To the parents who said that an interest in the children was very important, how should a nanny handle this situation?


Say, "Where can I wash my hands so I can hold your baby?" Then I can say "In the kitchen," or "Oh, I'm not comfortable with that yet." There were a couple of nanny interviews I did where the nannies made me so uncomfortable I didn't want them to touch the baby at all.
Anonymous
she just clicked w/ us right away. Honestly by 10 minutes in I knew we wanted to hire her. DH felt same way on 2nd interview.
She was very at ease and confident in her abilities yet deferential to us as being the parents (so being the deciders ultimately) which as a FTM was the blend that reassured me. She was also very fluent in English which was also a big plus, having interviewed nannies previously who seemed quite hesitant to talk.
DD was a very crochety baby but did not make a peep when the nanny took her upon meeting her during interview #2.
Honestly that is why we hired her - we just got a great feel from her. She is not perfect but no one is. She's been w/ us about 5 years now though so it was a very good match.
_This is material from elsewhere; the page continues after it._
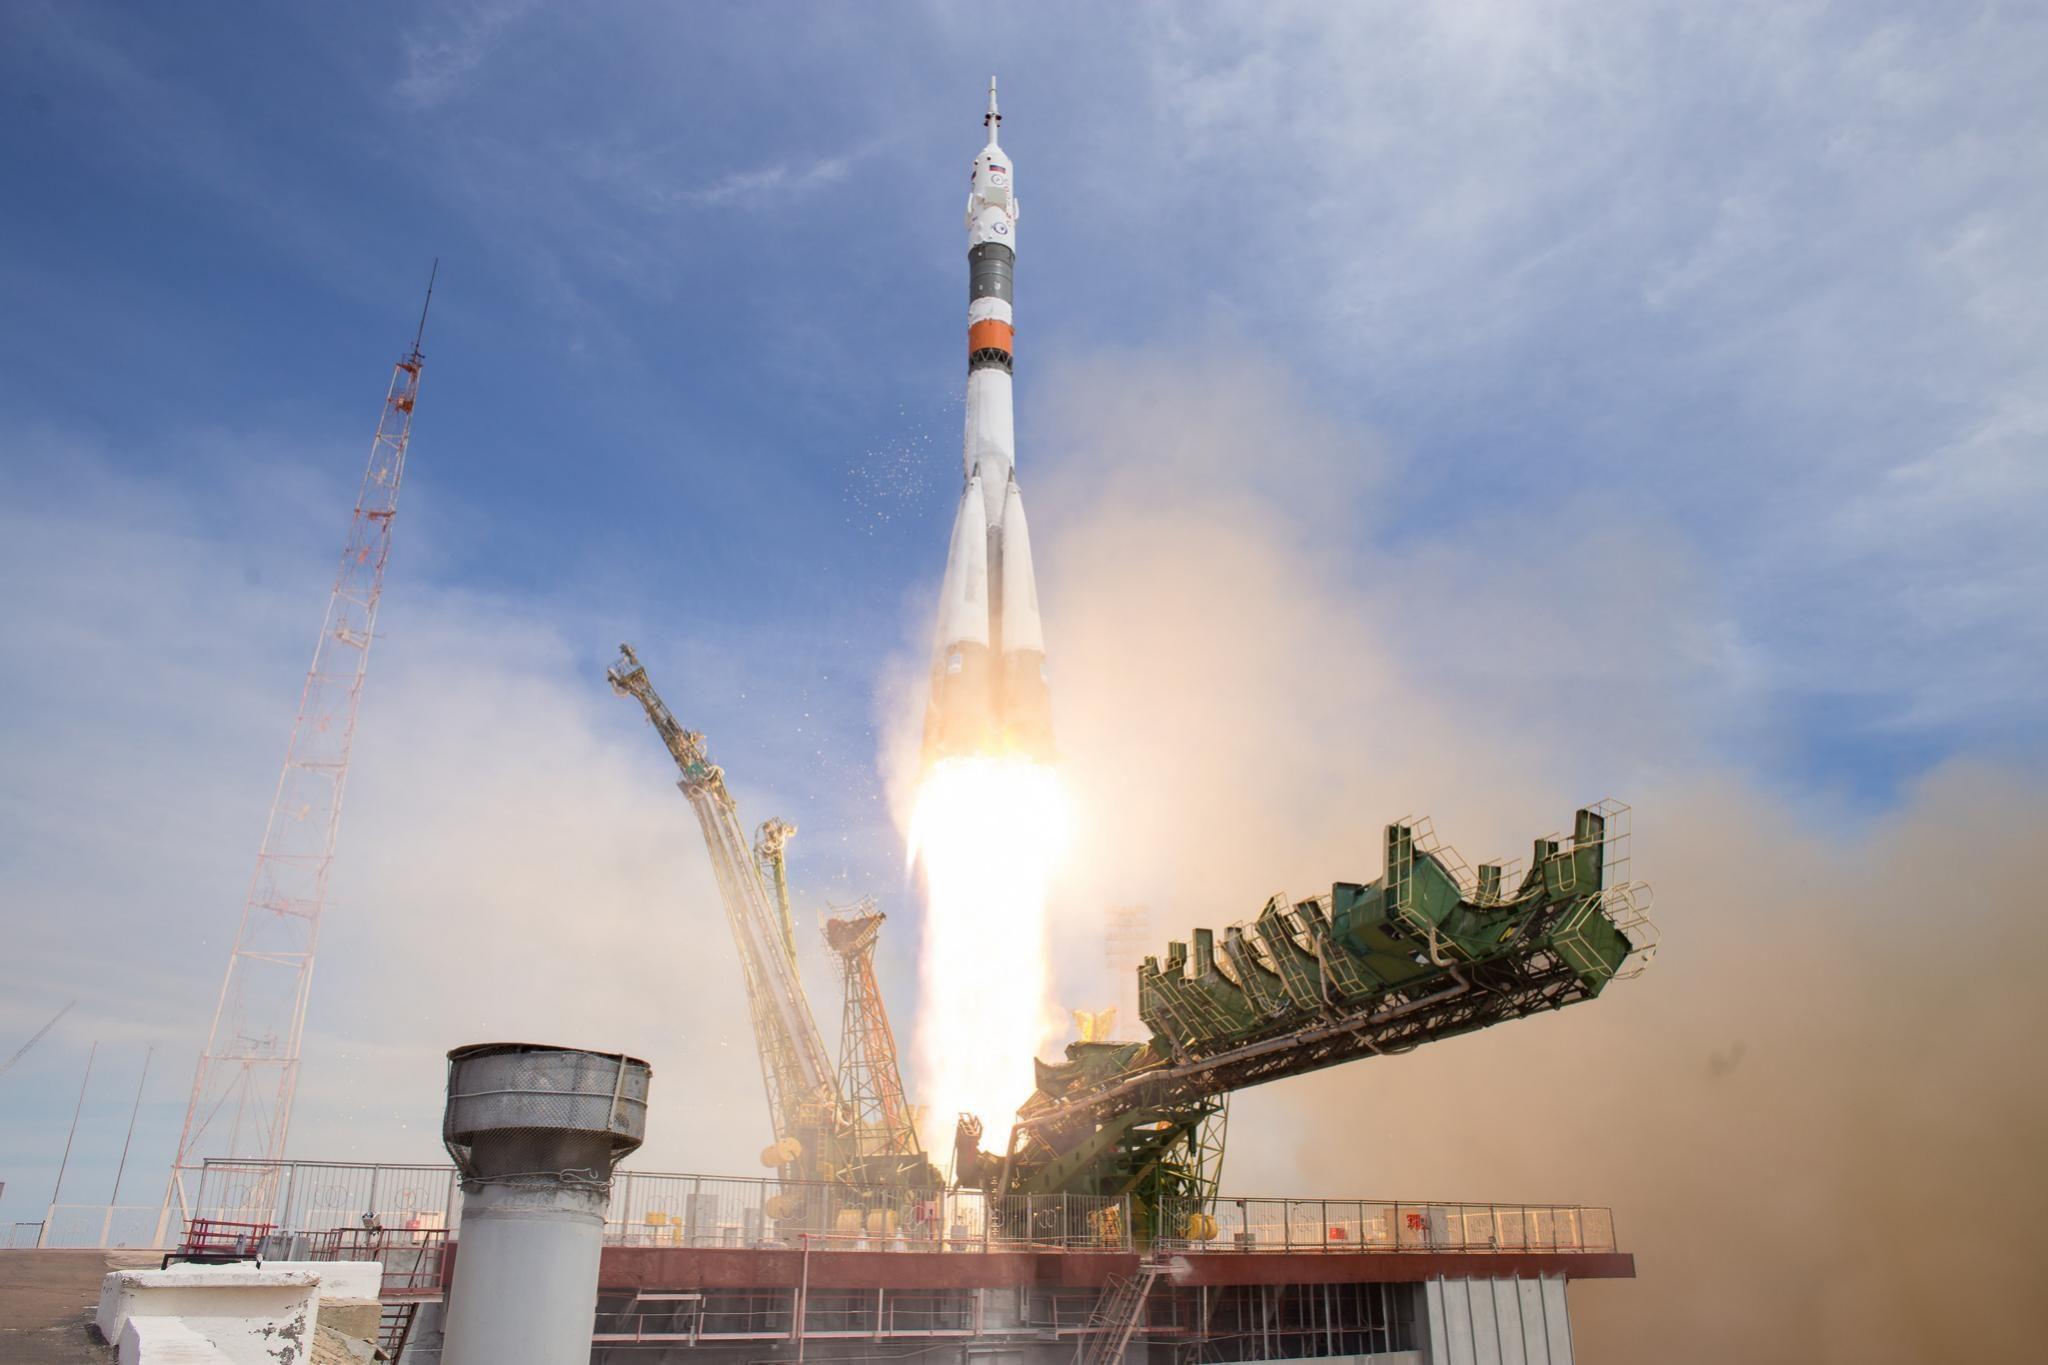 πύραυλος Soyuz MS-04

I think price is important for families mostly in ensuring that they can afford (however they define that for themselves) you. But I would not pick 1 nanny over another just to save a dollar an hour if I liked the slightly more expensive one more.
Anonymous
Oh, I also liked that the first question out of her mouth was NOT "how much are you paying". Again, this was the case more times than I care to count and although I realize this is a critical aspect, it definitely left a bad taste and made it clear that it was mostly about pay for the nanny and not about good fit. nanny we hired did not ask about pay - I brought it up when we got towards the end of the discussion and I had moved into the compensation package we planned to offer. If you have reason to think the family may be way below your range, then the most graceful way to handle it in my view is to state in accepting the interview that you look forward to learning about her and her fmaily. And then include that your rate ranges from X to Y depending on the position details, so you are happy to discuss this more once you sit down on Z date.
Anonymous
Anonymous wrote:
Anonymous wrote:I've always had a problem going into interviews and asking to hold a baby/infant. If the child is old enough to be on the floor and playing then of course I approach them and try to play for a while. However, if a parent is holding a baby and doesn't offer for me to hold them, then I just don't feel comfortable asking to hold the baby. A lot of people are weird about strangers or people they don't know well yet holding their children.

To the parents who said that an interest in the children was very important, how should a nanny handle this situation?


Say, "Where can I wash my hands so I can hold your baby?" Then I can say "In the kitchen," or "Oh, I'm not comfortable with that yet." There were a couple of nanny interviews I did where the nannies made me so uncomfortable I didn't want them to touch the baby at all.


This is perfect. Or if you don't want to ask to hold the baby, look at her from a respectful distance like you're genuinely interested in her.
Anonymous
OP here. Thanks everyone for these suggestions! I also always felt awkward asking new mom's to hold their baby as a total stranger to them.
Anonymous
I'm another nanny who feels awkward instantly befriending babies and young toddlers. At a certain point, they are big enough to "get" what's happening and it makes sense to them who I am, but for little ones, I am just some stranger and it's not really age-appropriate to assume they will want to interact with me. Is that a dealbreaker, MBs? I do say hello to the baby/child and might ask an older child to show me what they are working on, etc., so it's not like I am silent, I just want to give them space.
Anonymous
I actually chose our current nanny because a temporary nanny we had for the summer recommended her. We didn't "click" as well as I had with our temp nanny, but she was perfect for our kids.

The most important thing for me was someone willing to take the kids outside as often as possible, even if the weather wasn't perfect. She had two children of her own, and totally got that part.